Next Generation Therapies for Schizophrenia: From Specific Genetic Mutations to Targeting Repair Pathways

Next Generation Therapies for Schizophrenia: From Specific Genetic Mutations to Targeting Repair Pathways

Posted: January 27, 2014

Story highlights

 

From The Quarterly, Spring 2014

Mary-Claire King calls it her “Anna Karenina Hypothesis.” Just as Tolstoy observed that “every unhappy family is unhappy in its own way,” recent results that she and colleagues have obtained suggest that someone who sustains a potentially disease-causing de novo gene mutation is quite possibly the only person in the world with precisely that mutation.  

Incredible as this sounds, it is likely true.
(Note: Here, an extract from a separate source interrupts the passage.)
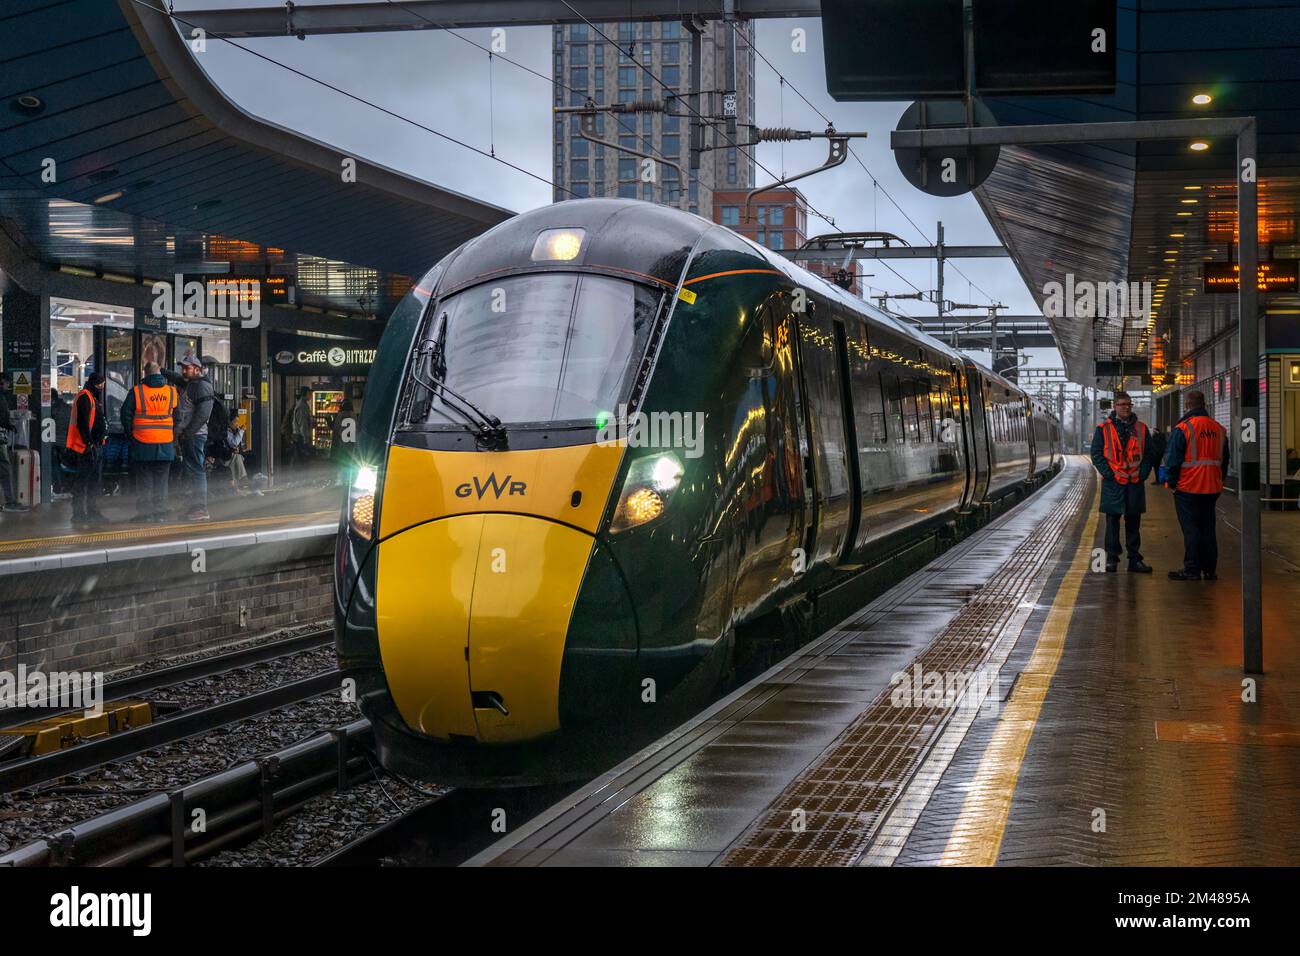 Monday 19th December 2022. Reading Station, Reading, Berkshire, England. Ahead of planned Industrial Action over the Christmas Holiday period, GWR trains run on time with minimal delays but with many carriages full and some travellers having to stand. Credit: Terry Mathews/Alamy Live News Stock Photo

Dr. King describes this class of very rare disruptive mutations in her most recent schizophrenia study (published in Cell in 2013) as “essentially private mutations,” so specific are they to those who have them. “We found 55 affected people had 54 different disruptive mutations,” she says. That is, only 1 of the 55 was seen in more than one patient.

Does this mean that every person with schizophrenia caused by a new mutation will need a unique form of therapy to counter the mutated gene’s effects?

Almost certainly not, says Dr. King. “Many thousands of different loss-of-[biological]-function mutations* within the BRCA1 and BRCA2 genes have been identified,” she says. “At the level of individuals, all of these are rare, and each one confers substantially elevated risk for breast and ovarian cancer.” But all of these rare, “severe” mutations affect the same DNA repair pathway, she explains, which makes them targets for a single class of tailored medication (now in development).  

She strongly suspects there is an analogy with rare new mutations in schizophrenia that disrupt genes and may give rise to pathologies associated with the disease. “Of those 54 disruptive mutations I mentioned, 50 of them are components of a single network of genes that we were able to identify,” says Dr. King. “That network acts within the prefrontal cortex of the brain during late gestation. Activity in the network subsides after birth, but then increases again in late adolescence.”

These facts are a source of real hope. It may be true that new mutations are unique to each person, but the genes they are affecting “seem to feed into the same pathways, ones that are important as the brain develops and years later, around the time the behavioral symptoms of schizophrenia tend to emerge,” explains Dr. King. “Once we more fully understand the pathways into which these genes are merging, then wise neurobiologists and pharmacologists will be able to find entry points into them. This is how it has worked with the BRCA genes: knowing the genetics led pharmaceutical researchers to develop what are called PARP inhibitors,” which effectively treat the pathology caused by the BRCA mutations.

Dr. King predicts that “in the future there will be new classes of psychiatric medications; I think they will be pathway-defined; I think the pathways will be gene-defined, and the genes will be mutation-defined.”

Her lab’s current project is its most ambitious so far: looking at the DNA of every person recruited into a large NIMH-curated sample of schizophrenia patients and healthy controls. After fully sequencing 7,000 patient genomes and an equal number of controls, “we’ll be looking for genes and classes of genes affected by new mutations. The more we can find, the more we can contribute to knowledge about pathways, and thus bring us closer to pathway-specific medications.”